Athlete activism is getting a female face
The Olympian basketball player Yelena Leuchanka has become one the latest examples of athlete activism with a female face. Photo: Belarusian Sport Solidaritys Foundation
24.11.2020
By freelance journalist Lars Jørgensen“I was born in the former Soviet Union where you couldn’t speak freely about what was on your mind, and everyone had to be the same. I grew up in a small town where you had to stand in line for milk and bread. Never did I think that basketball would help me to get to a point in my life where I can express my opinion, where I matter and can be heard.”
The Olympian basketball player Yelena Leuchanka has become one the latest examples of athlete activism with a female face.
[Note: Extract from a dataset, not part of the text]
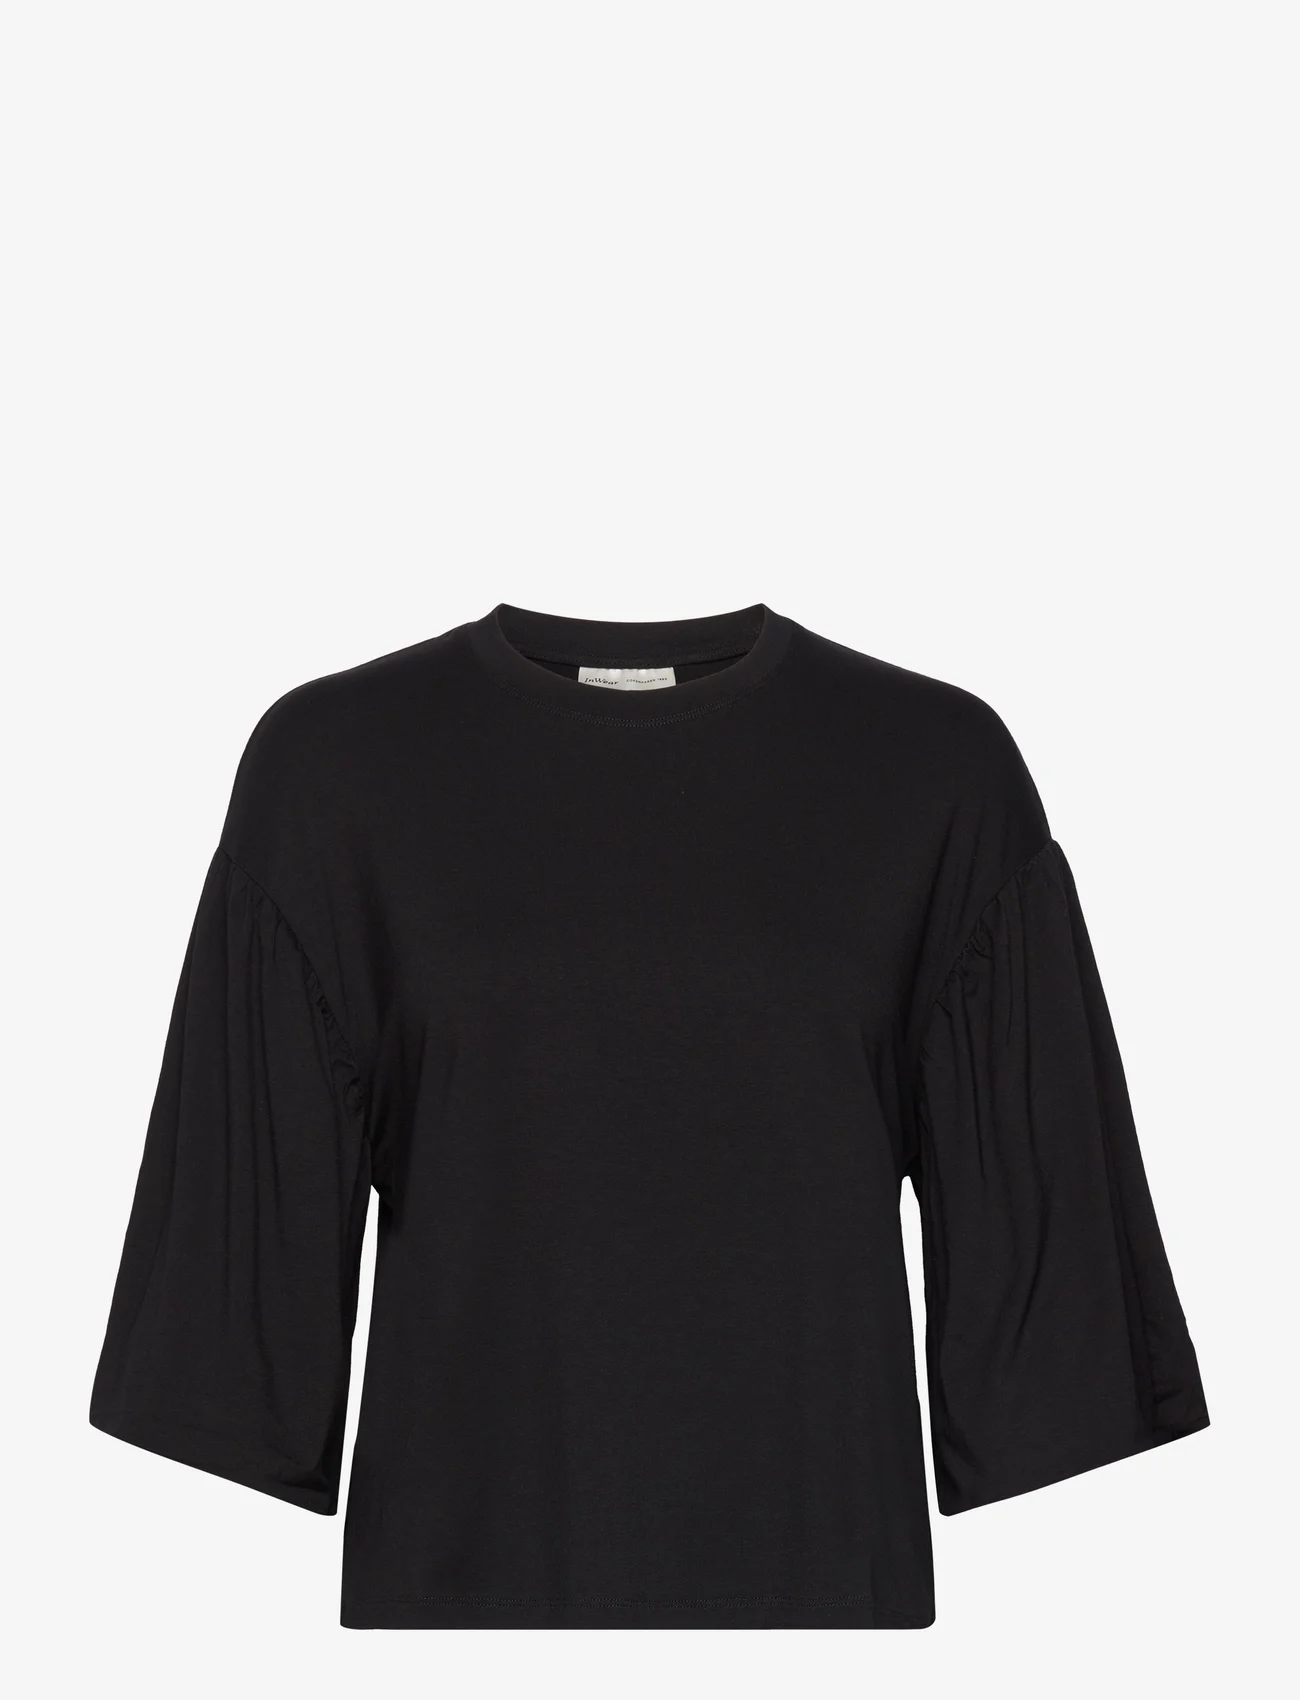 InWear - KaleviIW Top - t-skjorter - black - 0

At the end of September 2020, the former WNBA star and member of the national team in Belarus was sentenced to 15 days in prison for taking part in peaceful demonstrations against President Aleksander Lukashenko – the ruler of Belarus for more than 26 years and widely labelled as ‘Europe’s last dictator’.
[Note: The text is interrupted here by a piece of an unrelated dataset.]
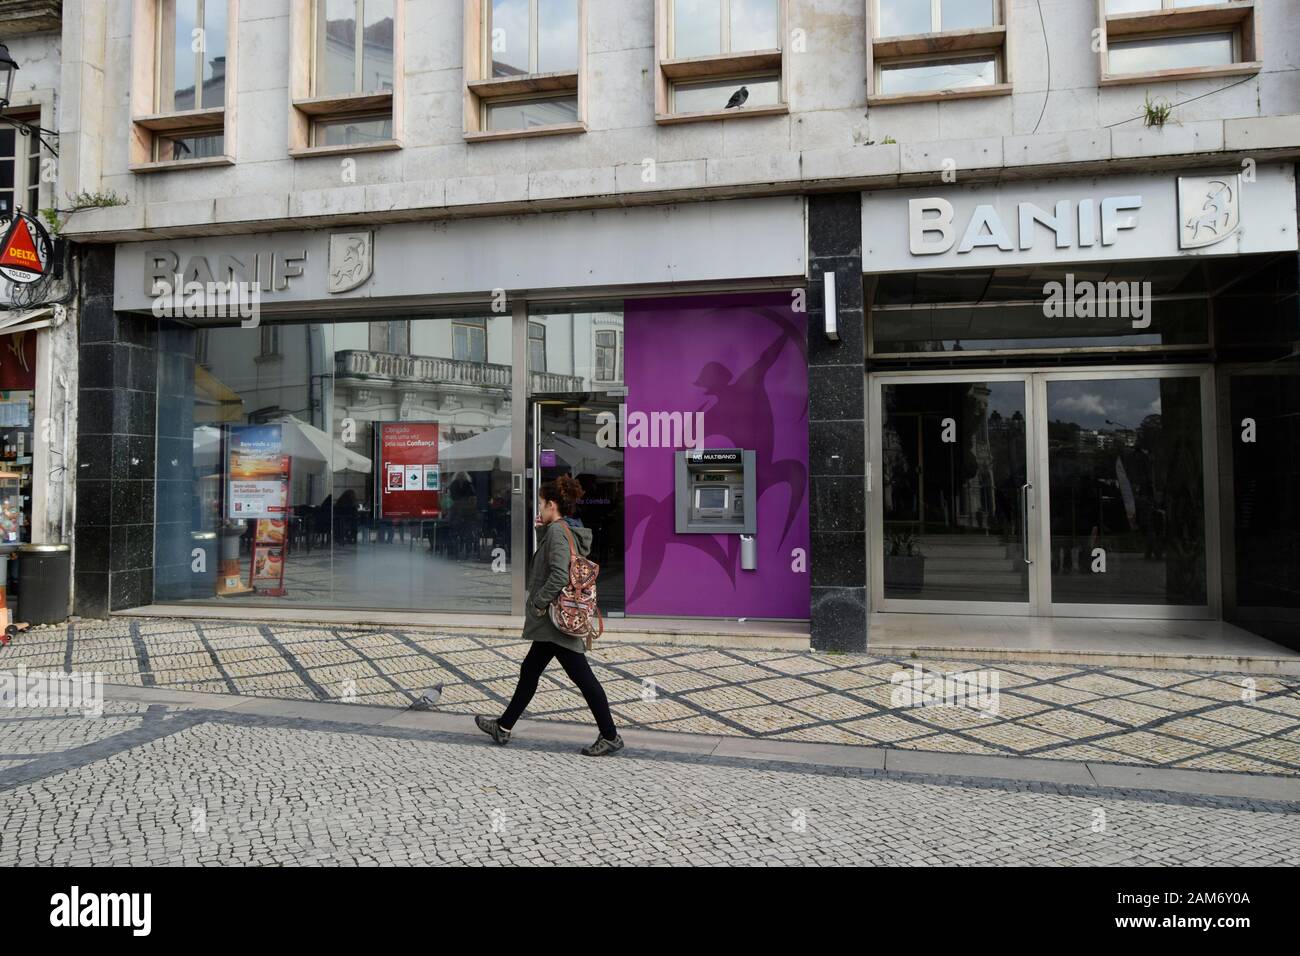 BANIF bank branch in Coimbra Portugal Stock Photo

Since her arrest, Yelena Leuchanka has become a role model for thousands of protesting people in her country who for months have been beaten and jailed by Lukashenko’s riot police.
It can be argued that the current wave of athlete activism set off four years ago, when American football star Colin Kaepernick from San Francisco 49ers introduced his famous protest against police brutality and racial inequality in the US by kneeling during the national anthem at NFL games.
Since then, Kaepernick’s silent protest has been adopted by elite athletes across sports and national borders who now take a knee to express sympathy with the anti-racist cause.
But athlete activism has widened. It is no longer targeting racism only, and athlete activism is no longer having a masculine face only. The wind of change increasingly comes with a female face.
A new generation of women has taken up the fight for their rights and for social justice at all levels in sport and has the potential of changing the male dominated management of sport in an even more fundamental way than athletes taking a knee.
High profile athletes like Beckie Scott, Megan Rapinoe, Venus Williams, Gwen Berry, Caster Semenya, Yuliya Stepanova, Khalida Popal, Rachel Denhollander, Kara Goucher, Ada Hegerberg, Pernille Harder, Aleksandra Herasimenia, Yelena Leuchanka, and Aleksandra Shelton, all have become international role models thanks to their public protests over the management of sport.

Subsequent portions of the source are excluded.